No One is an Island: What the Edge Needs from the Network

As members of the telecom ecosystem, service providers, equipment manufactures, independent software vendors, and systems integrators, we all must discover: What does the Network have that the Edge really needs?

We hear a lot about the two sided business model as described in Simon Torrance’s Telco 2.0 project, where the service provider receives payment from media companies to deliver content and bill users for it while still charging users for access. This was taken up by the TMF who did explore what the core – the service provider systems and management – could offer to the media industry. But we still find this a simplistic business model, and it ignores an enormous amount of new activity at the Edge that is outside the control of the traditional media companies. Morphologically, this model is much the same as delivering call connectivity – but now between a media server and an edge customer.

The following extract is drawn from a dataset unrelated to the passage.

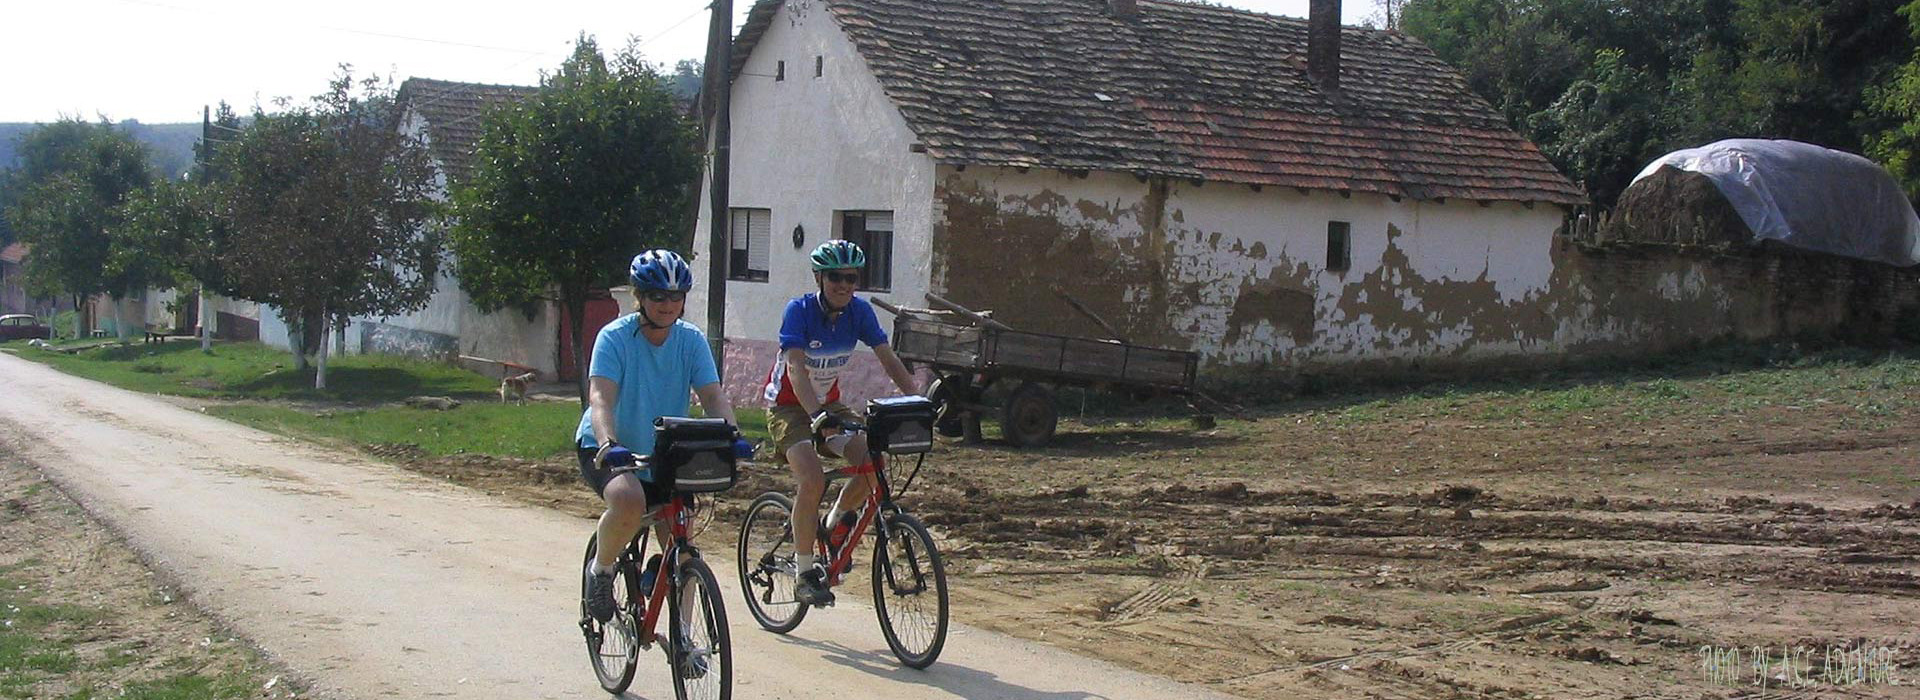 Danube Guided Cycling Holiday - Local villages

IC/UC: Looked at from the perspective of the edge service providers of IP interactive communications (IC) and unified communications(UC), we find a rather different perspective and set of imperatives than those expressed by our friendly neighborhood network service providers. The Edge perspective, as expressed by Seamus Hourihan, who coined the term “session border control,”, now with Acme Packet, as Vice President, Marketing & Product Management:

“IC and UC services and applications will only become valuable when we can use them to reach anyone, anywhere, anytime. To paraphrase Metcalfe’s Law: the usefulness, or utility, of interactive communication equals the square of the number of users. Consequently, IC/UC must span multiple IP networks – business, residential and mobile; wireline, wireless and cable. Today’s consumers and businesses will be satisfied with—and pay money for—nothing less. Our only options for delivering this network nirvana are the Internet or the Federnet - a federation of managed IP networks.”